Kevin Max has proven to possess an incredible vocal versatility over the years, beginning with the hip hop outfit dc Talk in the late 80s. As that trio morphed into a pop/rock wonder, Max was given even more chances to stretch his vocals with different musical styles, an opportunity that has only increased with his solo career. With two pop/rock albums and a Christmas album under his belt, the vocalist reaches back to his roots with The Blood, a unique Gospel project that proves that Max's incredible pipes can conquer just about any style.
And though these Gospel tracks have been covered time and time again, Max gives them a fresh feel, and respectfully expresses their rich history in the process. "The Blood is not a classic hymns cover project, or a white/homogenized version of black gospel or soul music," Max says. "It's a sensitive and stylized adaptation of the music that was at the root of rock and roll, blues, and popular culture."
The "adaptation" gets started with a rendition of "The Old Rugged Cross," which receives the royal Johnny Cash treatment, with a single guitar being the only accompaniment to Max's deep, bass-filled voice. The song is warped to sound like it is being played on an old AM radio, adding to the Cash effect. At just over a minute-and-a-half, it is The Blood's shortest track, but it is an appropriate opener.
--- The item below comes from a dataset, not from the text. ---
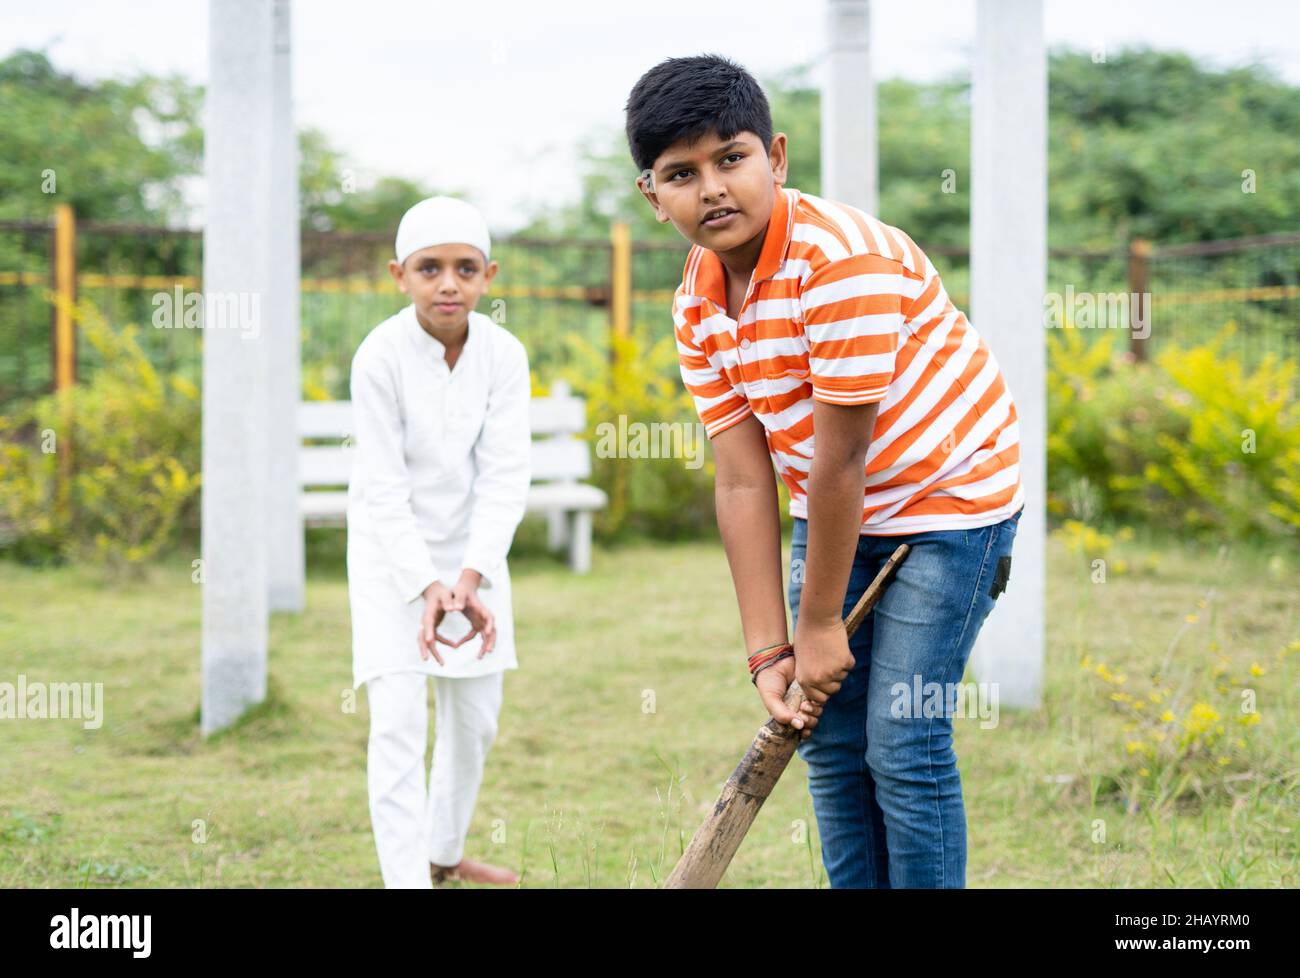 Konzentrieren Sie sich auf Front Kid multiethnische Kinder spielen Cricket im Park während Urlaub - Konzept der Freundschaft, Vielfalt und Outdoor-Aktivitäten Stockfoto
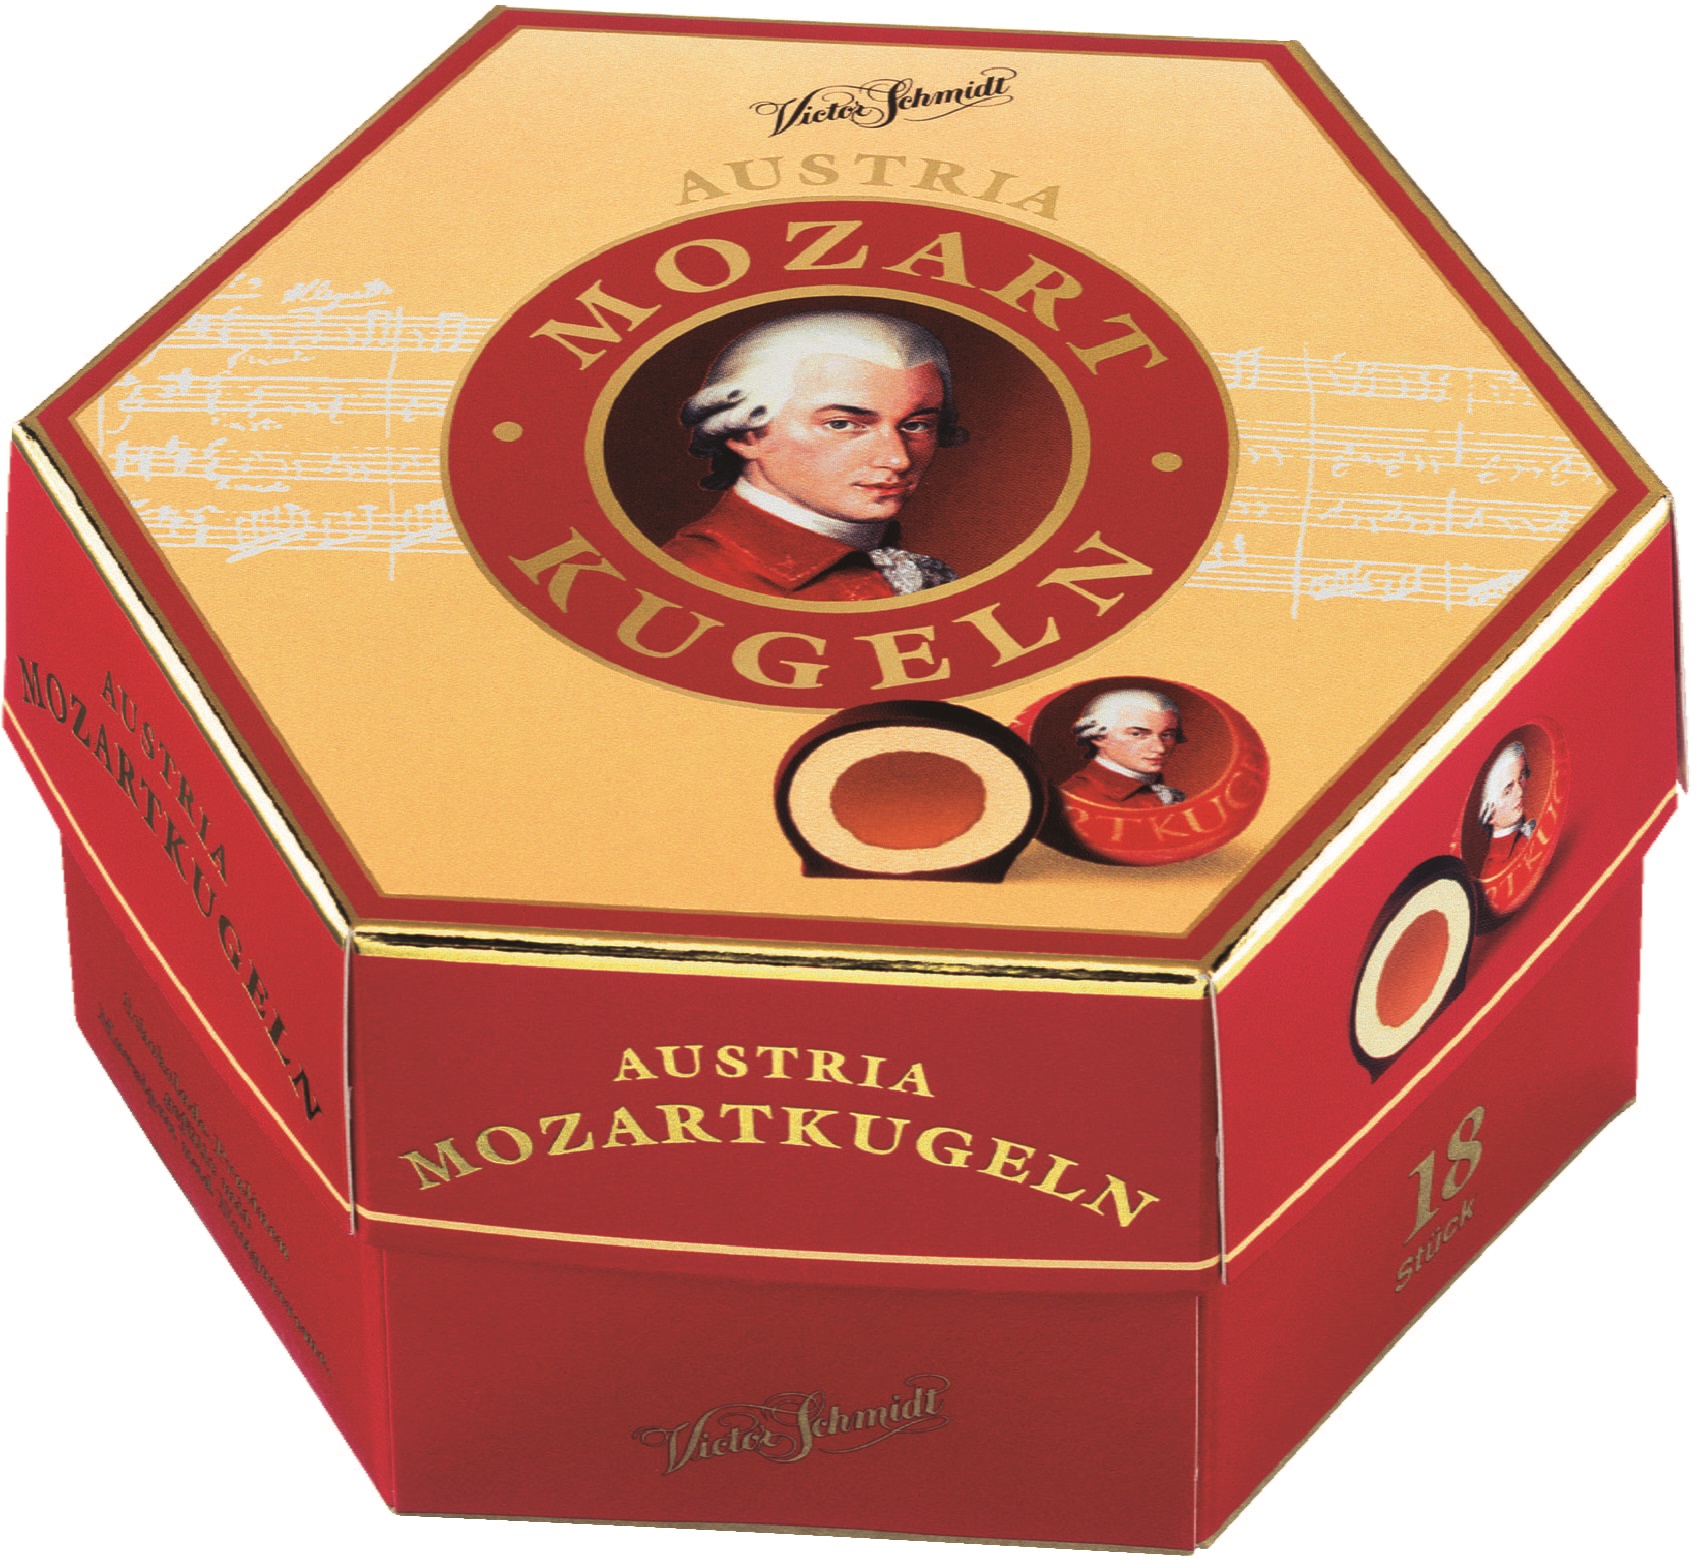 Krüger Victor Schmidt Bombones de chocolate rellenos de mazapán

The AM radio effect almost poignantly fades away, and crisp, clear guitars appear as a dc Talk reunion ensues on their version of "The Cross." Not only does it work as proof of the legitimacy of rock 'n roll's roots in Gospel, but it is also a really solid dc Talk track. The nuances and subtle ironies are more than likely going to be overlooked however, because, well, this is the first new dc Talk song in years.
It is not the only track with a guest appearance. Indeed, an impressive group of talent joins Max on a number of tracks on The Blood. American Idol finalist Chris Sligh appears on the Blind Boys of Alabama reminiscent "Run on for a Long Time." Amy Grant and Vince Gill appear on a Gospel rendition of "Up above My Head I Hear Music in the Air." Ashley Cleveland sings background on a blues take on "The Blood Will Never Lose Its Power." Erica Campbell of Mary Mary appears on the eclectic, beautiful "People Get Ready." And Joanne Cash herself appears on the Max-penned album closer, "One Way, One Blood." These guests represent a wide range of musical diversity, and all play their parts perfectly.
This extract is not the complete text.